Even if Jones County doesn’t get that much rain this go-around, power outages are still likely, said Sheffield, who is executive director of the EOC.

“Let’s say we get 4 to 6 inches of rain,” he said. “If you have that with 30 or 40 mph winds, you’ll still have trees down. Every time we have a little summer thunderstorm, we get trees down in the road. That will bring down power lines and affect power. If this forecast holds true, we’ll have a busy couple of days. The aftermath will be Wednesday, Thursday and Friday.”

Rodney Parker of the EOC said Sally’s center was visible on the weather satellite weather map by midday Monday.

“Our primary concern is associated with the excessive rainfall and wind with already-weakened trees around the county potentially falling, causing traffic hazards and power outages as well as the threat to lives and property,” he wrote in an email. “Elevated threat of 30-40 mph sustained with gusts to 50 mph and power outages are expected and travel may be difficult.”

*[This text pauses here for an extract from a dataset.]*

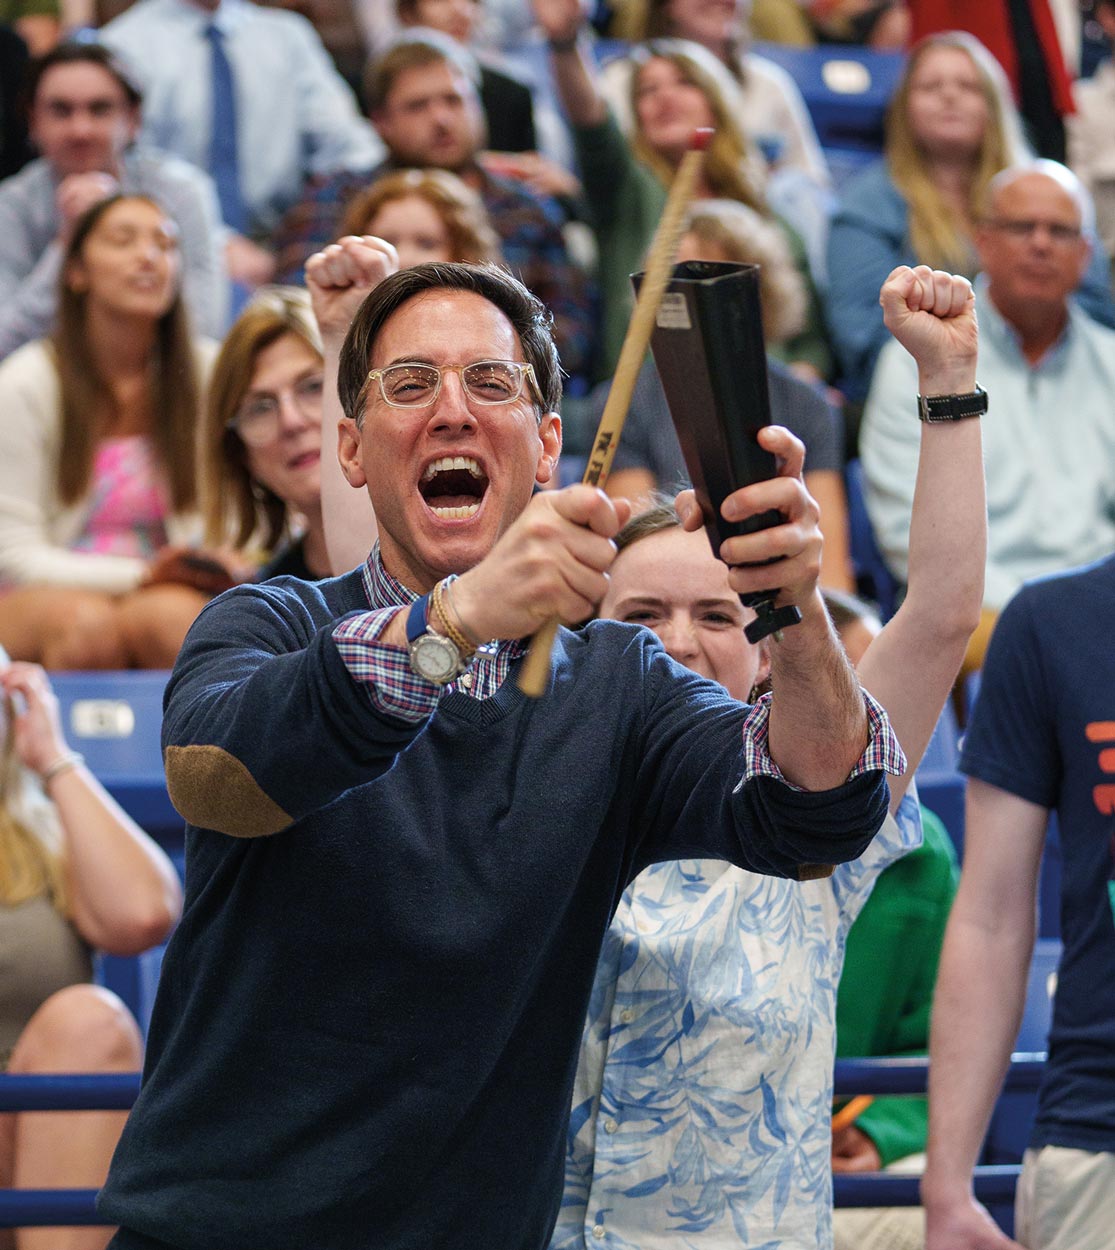 a man photographed in mid yell holds a large cowbell noise maker and a stick among a cheering audience

The most likely time for tropical storm-force winds to arrive is late this afternoon, he said. Rainfall of 6 to 12 inches is expected, with higher amounts possible. Heavy rainfall this morning is likely to begin ahead of high winds.

While Hurricane Laura posed the threat of creating tornado conditions in Jones, that is not quite the case with Sally, Sheffield said.

“Tornadoes will be a low threat in our area if the track stays,” he said. “If we were on the east side of the storm, we would see a tornado threat. The strength is on the storm’s east side, and the northeast side is its strongest point.”